The impression one is left with is very much of a “hack ‘n slash” urban environment and the expectation seems to be that the PCs will be kicking doors down and looting the premises.

Also of note, however, is that Volume III: Guidebook to the City includes an explicit “Play Guide”. This leads off by saying, “It is important that played characters interact with NPCs.” It then includes a robust system for handling rumors, tracking how long abstract interactions with NPCs take, mechanics for “establishing camaraderie”, and play tips for successfully gathering information (“talk with everybody… encourage the relating of rumors… learn about sudden unusual behavior… concentrate on getting to know persons of one’s own rank, position and interests”). So the collection of information is still clearly placed in center of the urban spotlight and it’s particularly interesting to see the mechanistic way in which these interactions are handled. For example:

One rumor (maximum) can be heard per every two hours in an eatery (food or drink). One rumor per hour can be heard in an inn (food, drink, and beds). Three rumors per hour can be heard in a tavern (drink). One hour of conversation equals four turns of interaction if with different people, or six turns of interaction if with one person. Ten interactions equal one turn. One interaction equals two verbal statements (or questions) and two retorts (minimum). About 50% of rumors are true.

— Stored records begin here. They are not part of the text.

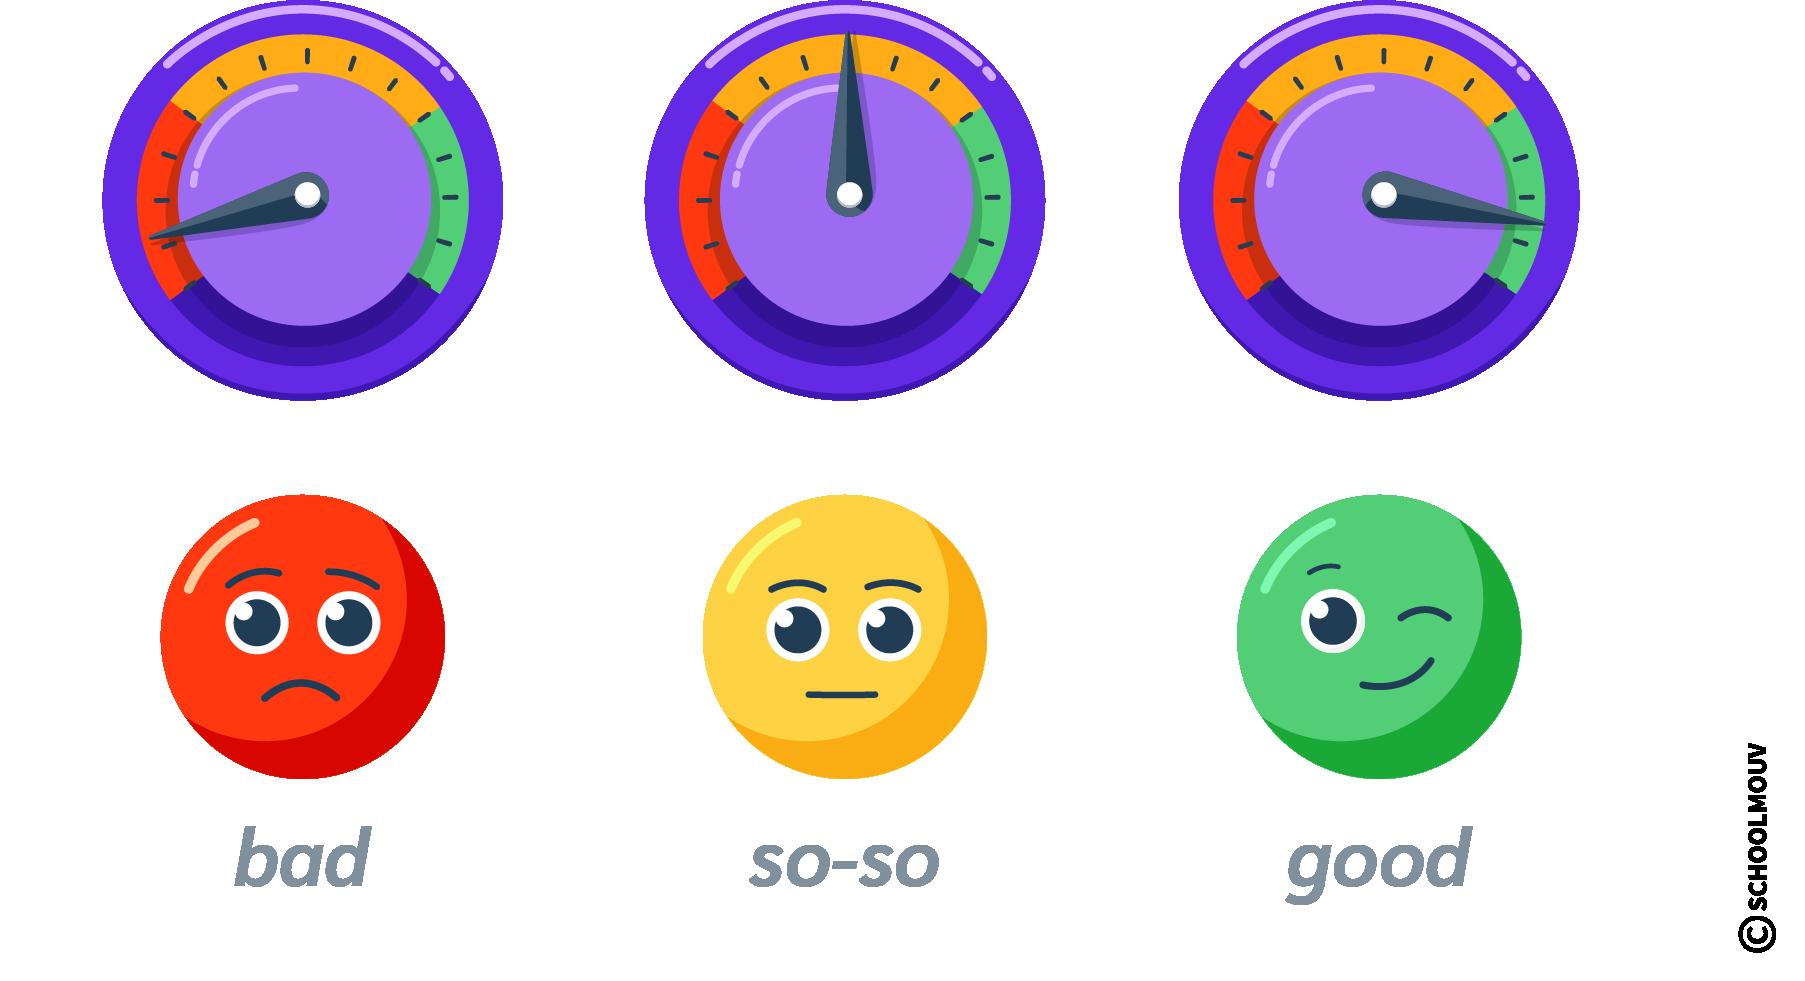 anglais emotions bad good so-so
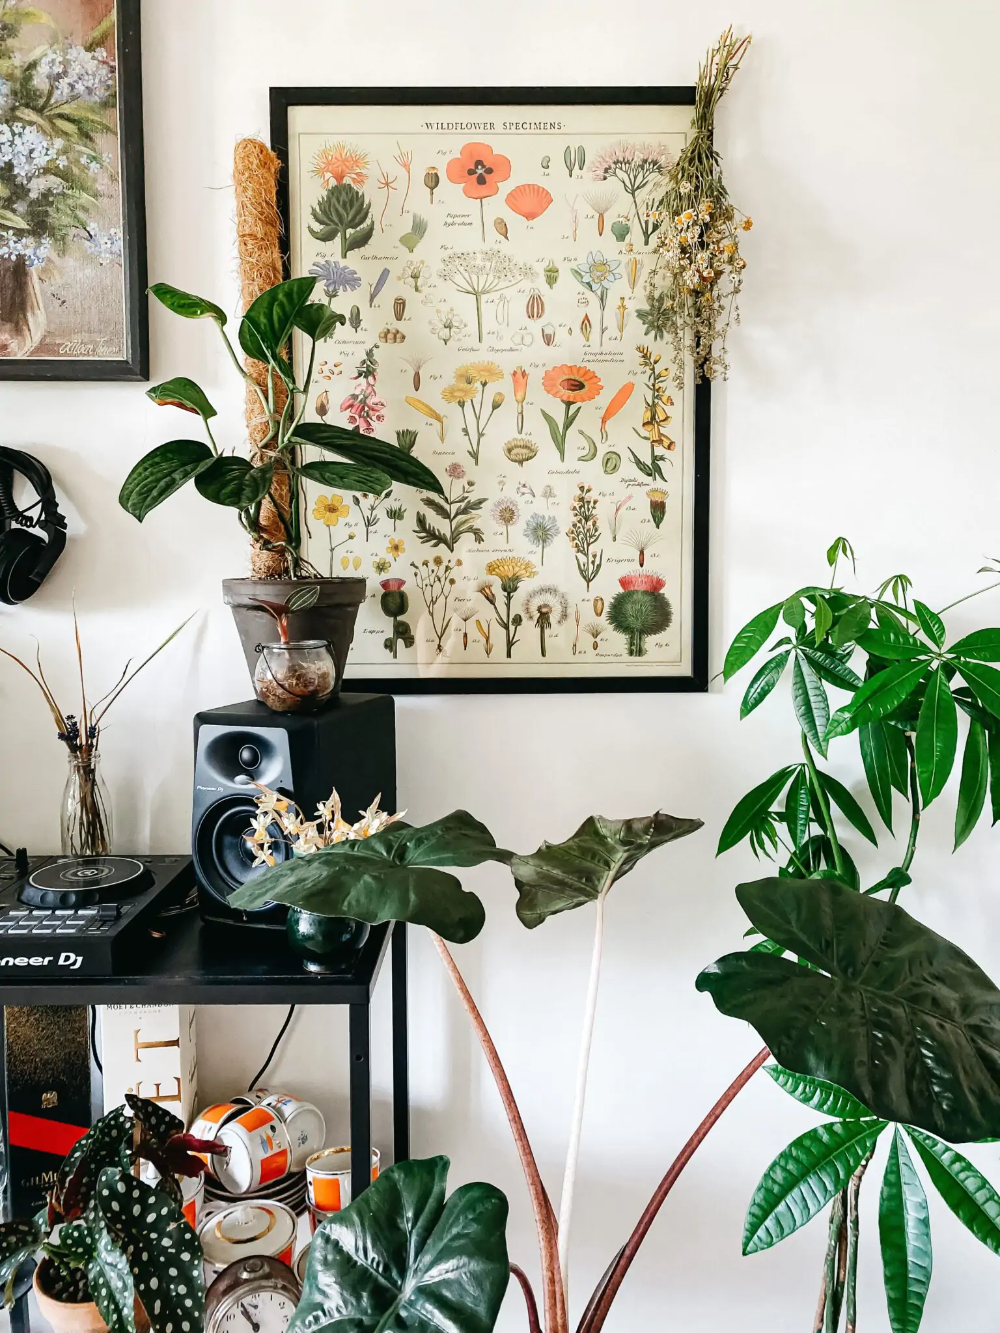 10 X Originele Wanddecoratie Tips Inspiratie Girls Who Magazine Plantendecor Kamerplant Decor Bordenhangers
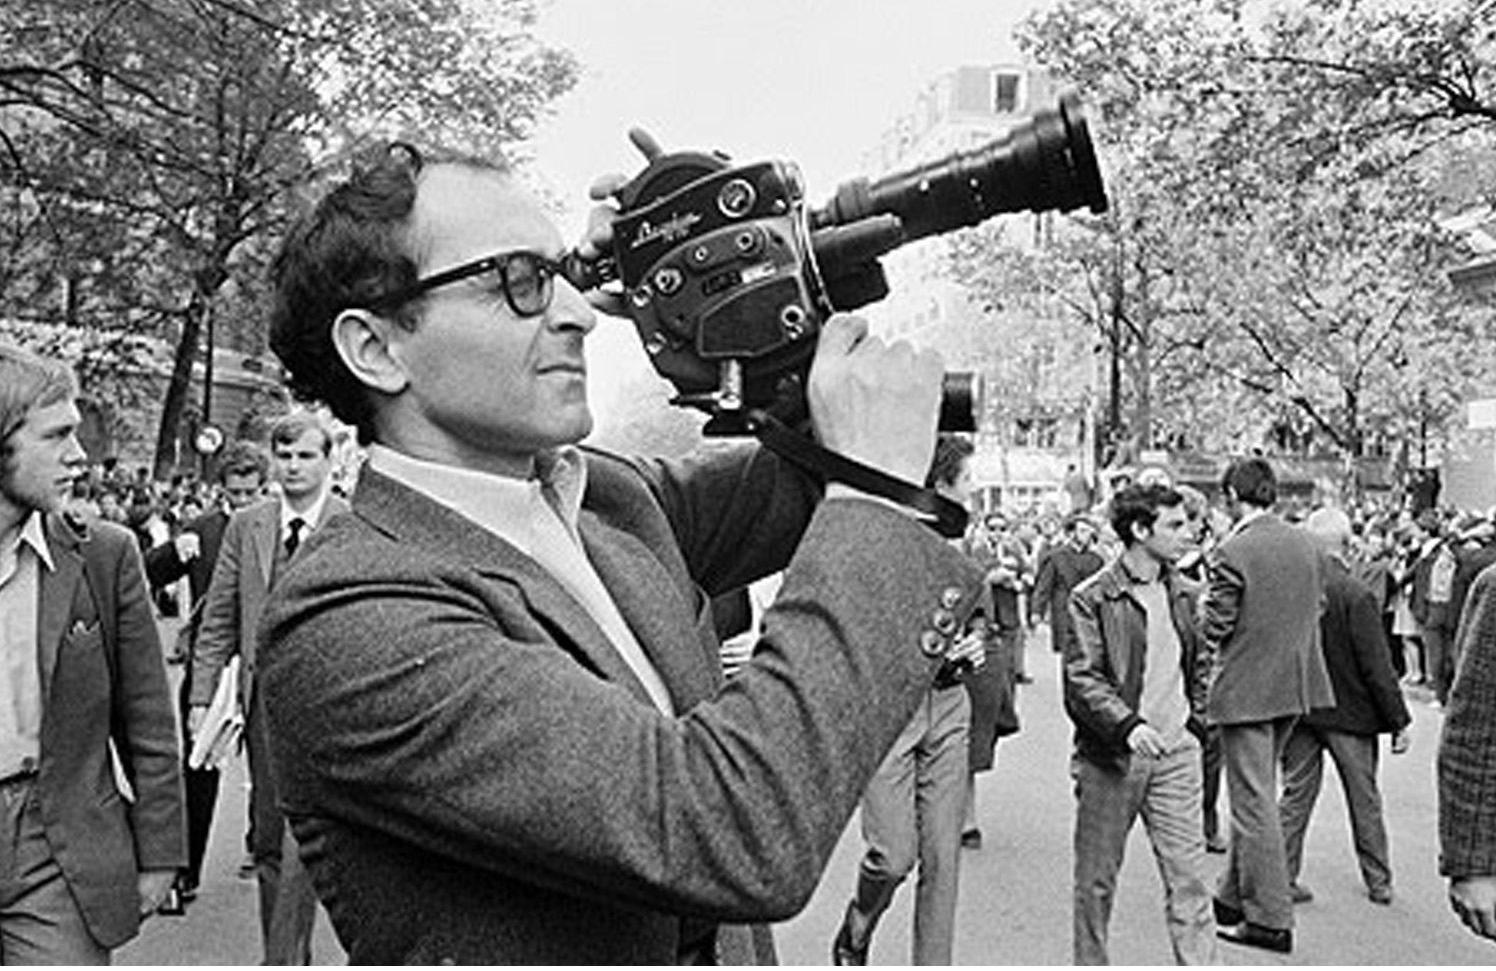 Jean-Luc Godard | Jean,Luc Godard

Here, however, our time with Judges Guild draws to a close. In 1983 they would produce a final city-state product – City State of Tarantis – but this product moved entirely to a modern gazetteer style: These are the books that read like a Baedeker’s guidebook. They provide the backdrop for adventure City-State of Tarantis - Judges Guildwithout really giving us anything in the way of structural clues.

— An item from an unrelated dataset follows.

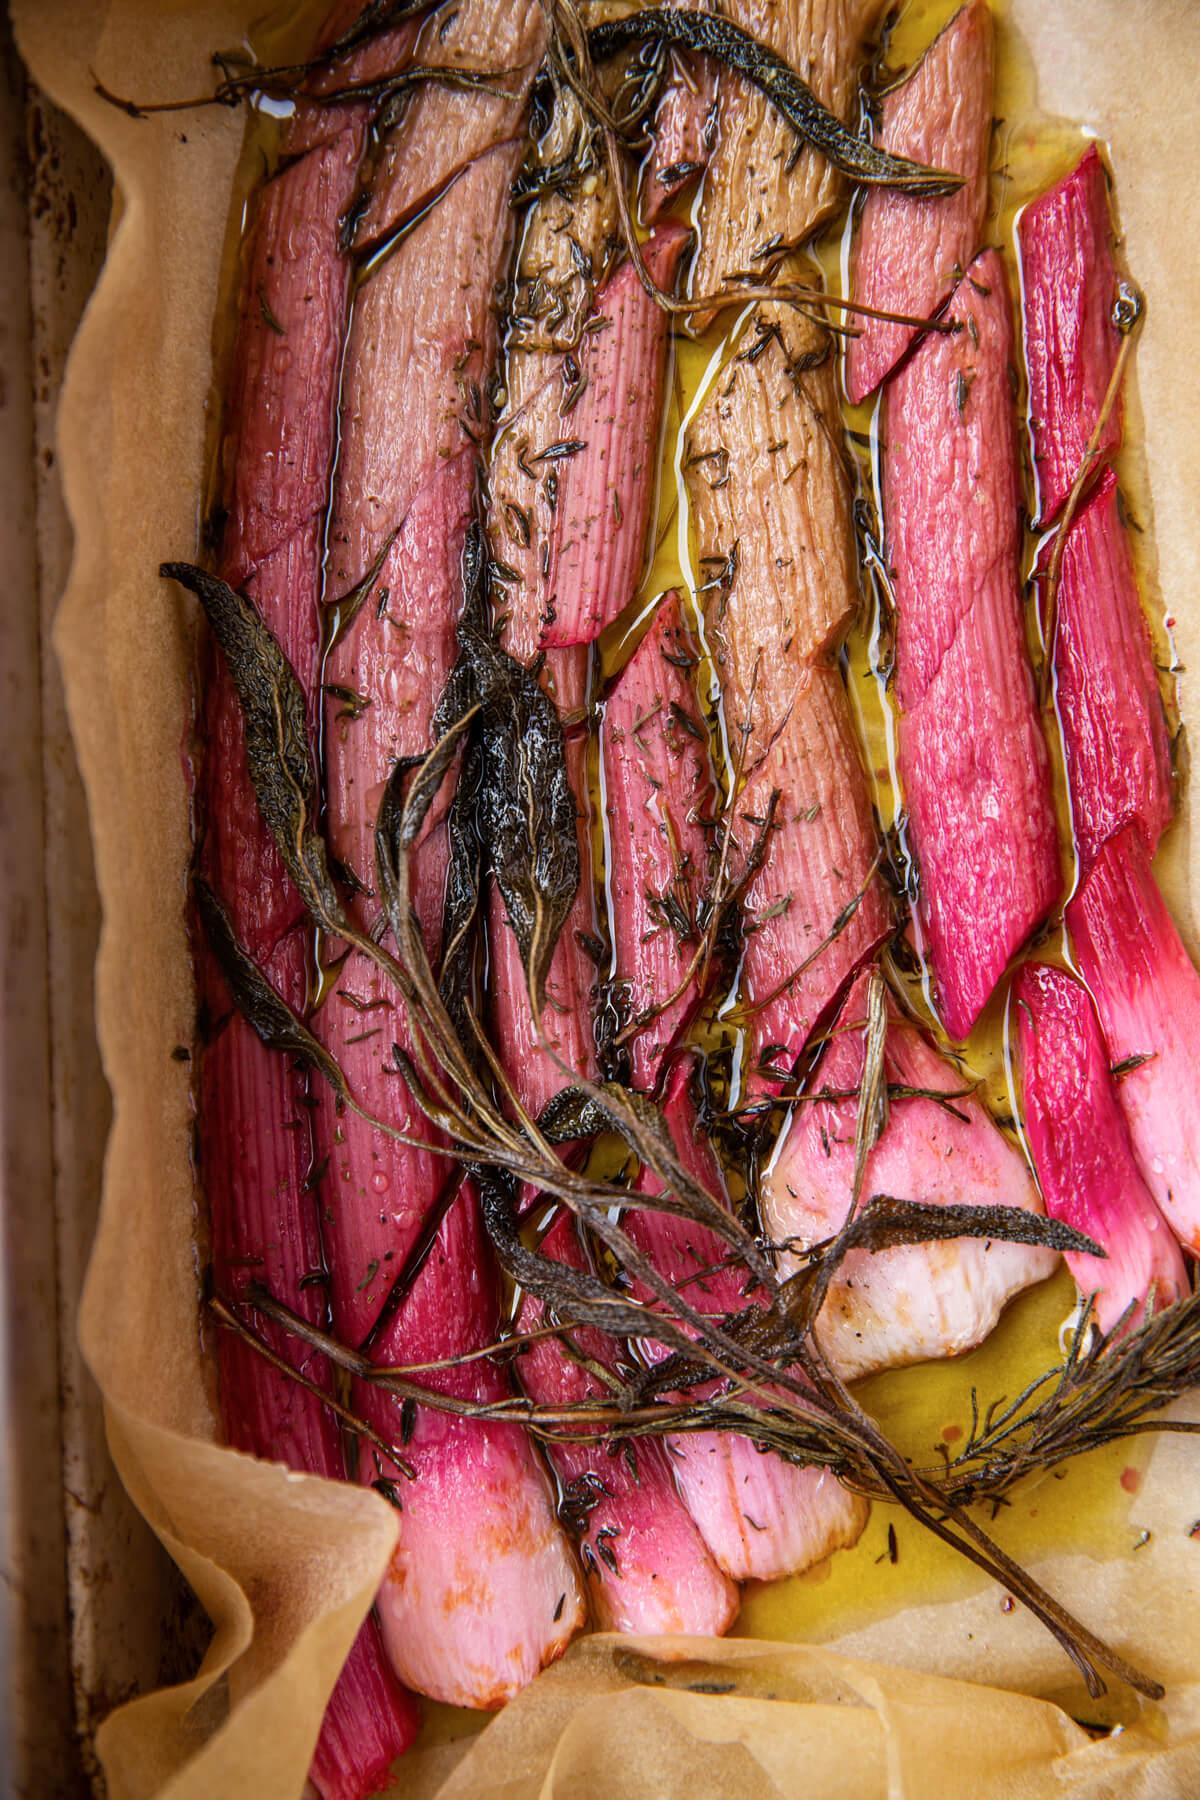 Garniture de rhubarbe salée

In reviewing what we’ve learned from the Guild, I’ll start by saying that I’m probably not interested in using strict turn-by-turn timekeeping while exploring a city. The kind of street-by-street navigation that seems to be getting advocated here might be interesting for a short while during an “explore the new city” phase, but I don’t think that it would represent effective pacing in the long run. (Featuring, as it almost certainly would, a lot of decisions that nobody at the table really cares about.)

The idea of keying content to specific streets, however, is an interesting one. Consider the possibility of combining this with target-based movement: When the PCs are leaving or arriving at a location, could we check for encounters keyed to those streets in order to provide color to the urban environment as they move through it on their errands?